Tell me—how can you possibly pass up a book with the title An Economist Walks Into A Brothel? And on top of that, it promised to talk about risk management. So I couldn’t resist. True, from the title you expect to learn about risks of a very different kind, but still…
In reality, the book is meant to explain the risks in our lives through examples of how people in completely different professions deal with them. And yes, the book starts with a description of how one of the largest brothels in Nevada operates: what risks sex workers face, and how a legal brothel helps address them compared to freelance sex workers.
I have to admit, it’s a genuinely unconventional approach, and Allison Schrager—who specializes in working with risk—managed to attract a lot of readers that way.
And besides sex workers, her examples include paparazzi, a professional poker player, surfers, horse breeders, and even the military. Using those examples, Allison tries to show both what risk is in itself and different sides of dealing with it, including insurance and hedging.
In practice, though, the book is less useful than you expect. It has a lot of stories and personal reflections, but not much actual substance about risk.
The stories do offer plenty of interesting facts about fields we’re unlikely to see from the inside very often.
How sex workers assess their risks is interesting. How paparazzi work is great! But the poker chapter can be boiled down to: don’t take pointless risks, don’t give in to emotions. And that’s it.
In the section about horse breeders, I honestly don’t really understand what point the author was trying to make. That breeders use inbreeding when they should be aiming for more diversity? But she herself describes why they do it: because their short-term goal—“sell the stallion before he’s actually proven himself”—is exactly what demands that approach. A different approach is needed for a different goal. But the breeders’ goal doesn’t change. So it’s unclear what this has to do with risk at all (other than the fact that, in the long run, the current approach leads to degeneration because of inbreeding).

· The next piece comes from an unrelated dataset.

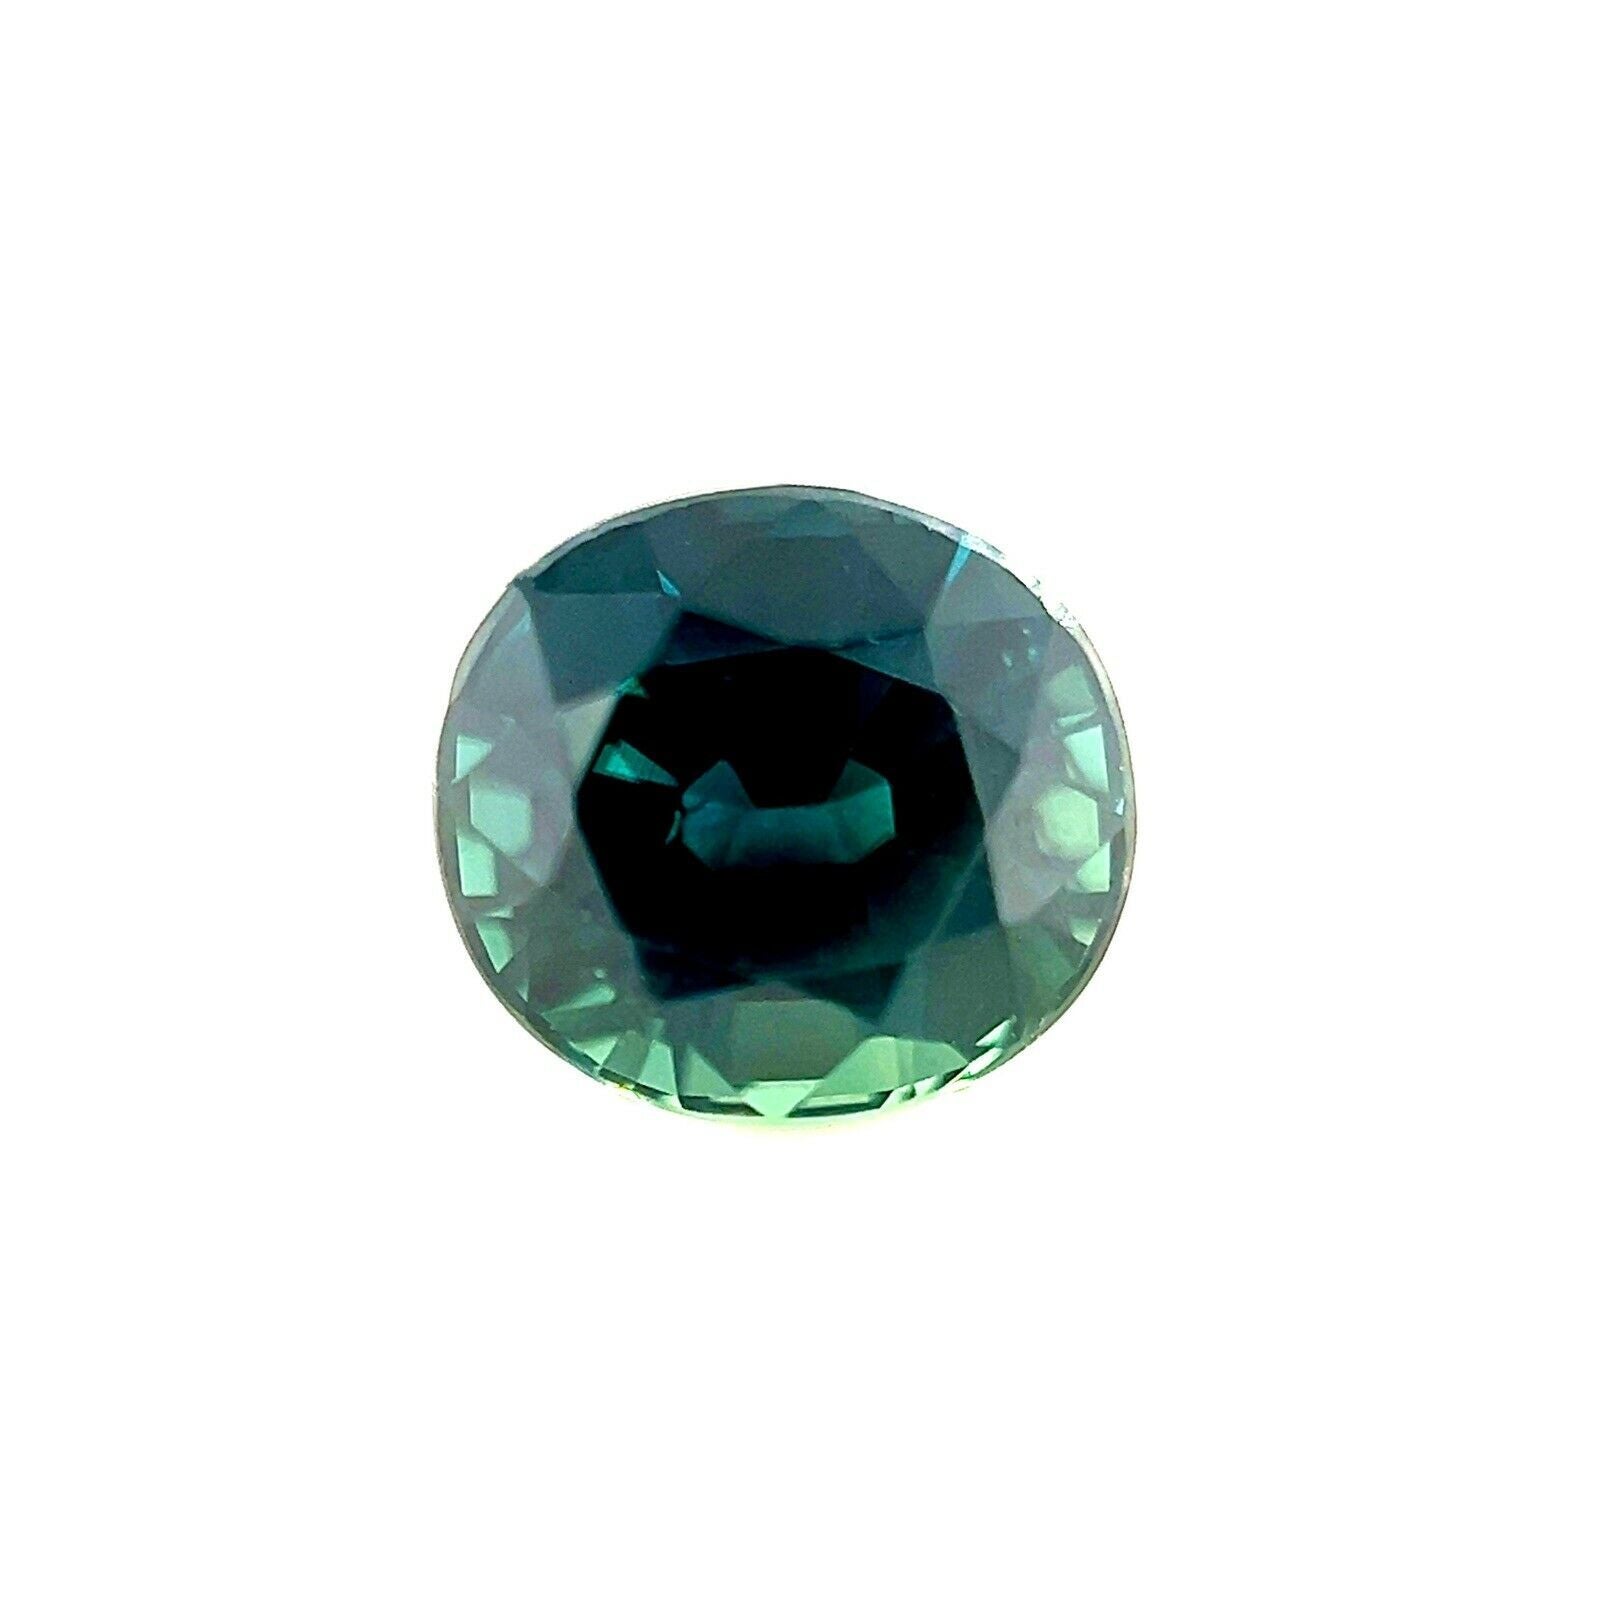 GRA Certified 1.61ct Deep Green Blue Sapphire Untreated Oval Cut Gem For Sale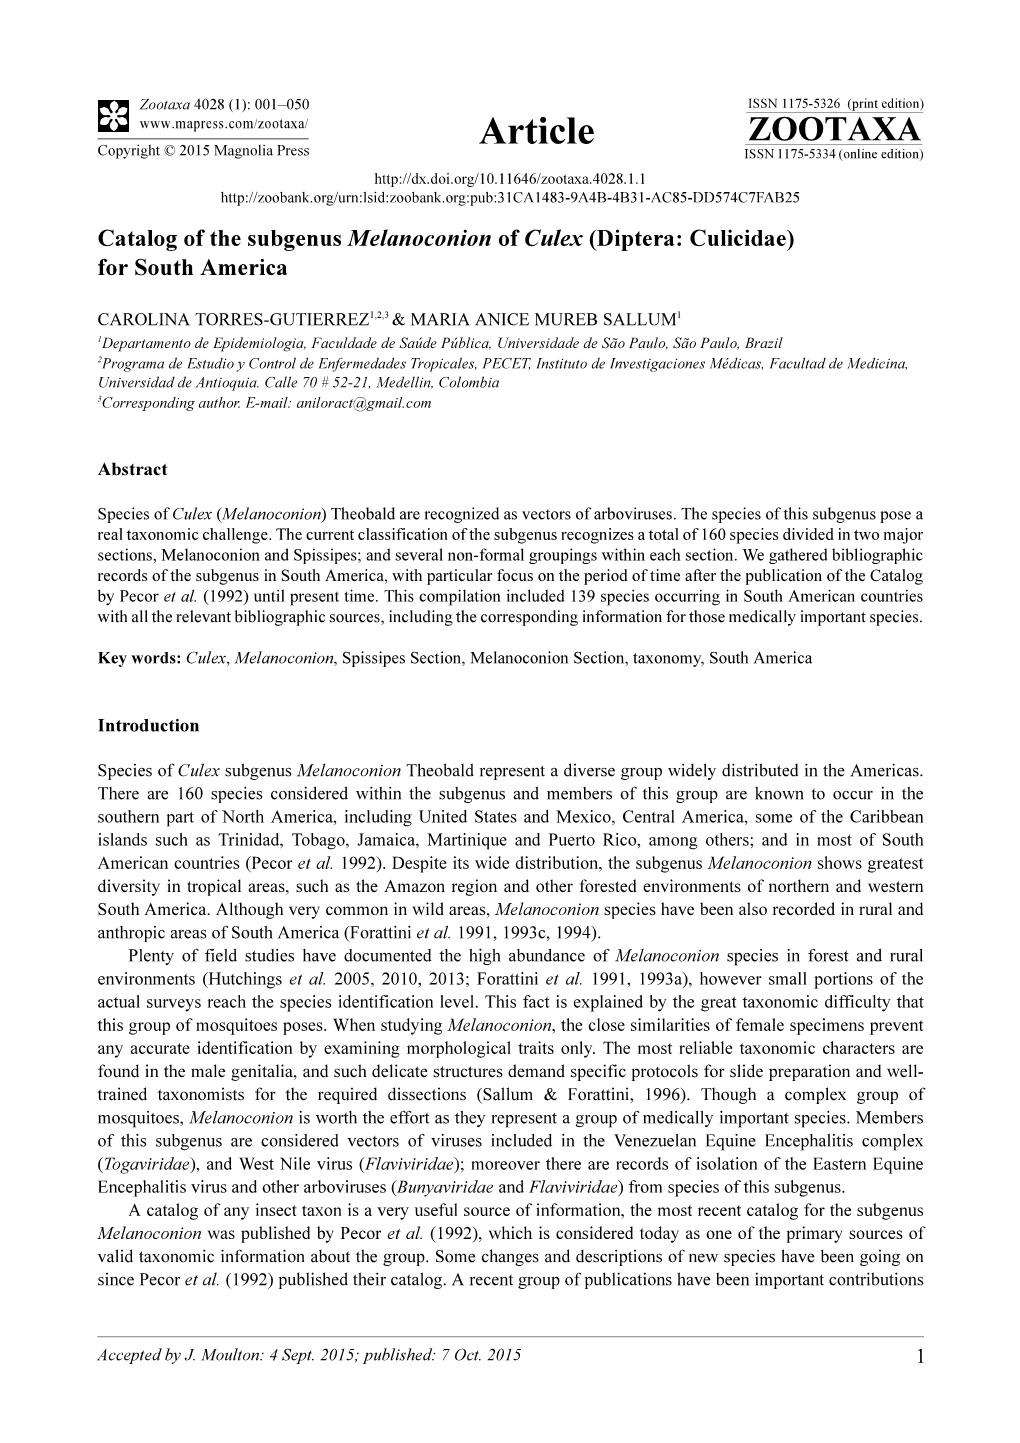 Catalog of the Subgenus Melanoconion of Culex (Diptera: Culicidae) for South America

So overall the book is very superficial. The author gives a lot of examples, but sometimes they’re very ambiguous or feel shoehorned in. That ambiguity shows up in the final chapter too, about a brave soldier who, in battle, violated an order not to go past Line 70 and explains it as, “We didn’t let the enemy catch their breath and regroup.” And the entire chapter is then built around how great he is for improvising and disobeying orders in conditions where you can’t plan everything. On the one hand, acting based on circumstances rather than strictly by the book is a useful skill. On the other hand, why does the chapter never once ask the question of why he was given the order not to go beyond Line 70 in the first place? It reads as if there were idiots sitting there who didn’t account for uncertainty. But what if that’s not the case? Maybe he got that order because right beyond Line 70 there was going to be an artillery barrage or a nuclear strike. And then, by violating the order, this brave general would’ve gotten all the soldiers under his command killed. Or maybe it was because he wasn’t supposed to expose another unit’s flank, and by pushing past the line he created a gap the enemy could pour through. But of course it’s much nicer to say: look, this is how he deals with uncertainty. And that’s just one example of how the author rigs the facts to fit the picture she wants.
But like I said above, even if the stories are interesting, from the standpoint of practical knowledge about risk—and, most importantly, how to work with it—the book gives you almost nothing. It’s basically just reflections along the lines of “and this, too, can be considered a risk in life.” Yes, it tries to draw some conclusions, to lay out certain rules. But in reality you can’t just take those conclusions and rules and apply them. At best, the book gives you an understanding that you shouldn’t make decisions recklessly without weighing the pros and cons, without thinking through what you stand to gain and what you might lose. But even there it doesn’t offer any guidance on how to do that properly.
So while the book is informative, its usefulness is overrated—barely a two out of five, in my view.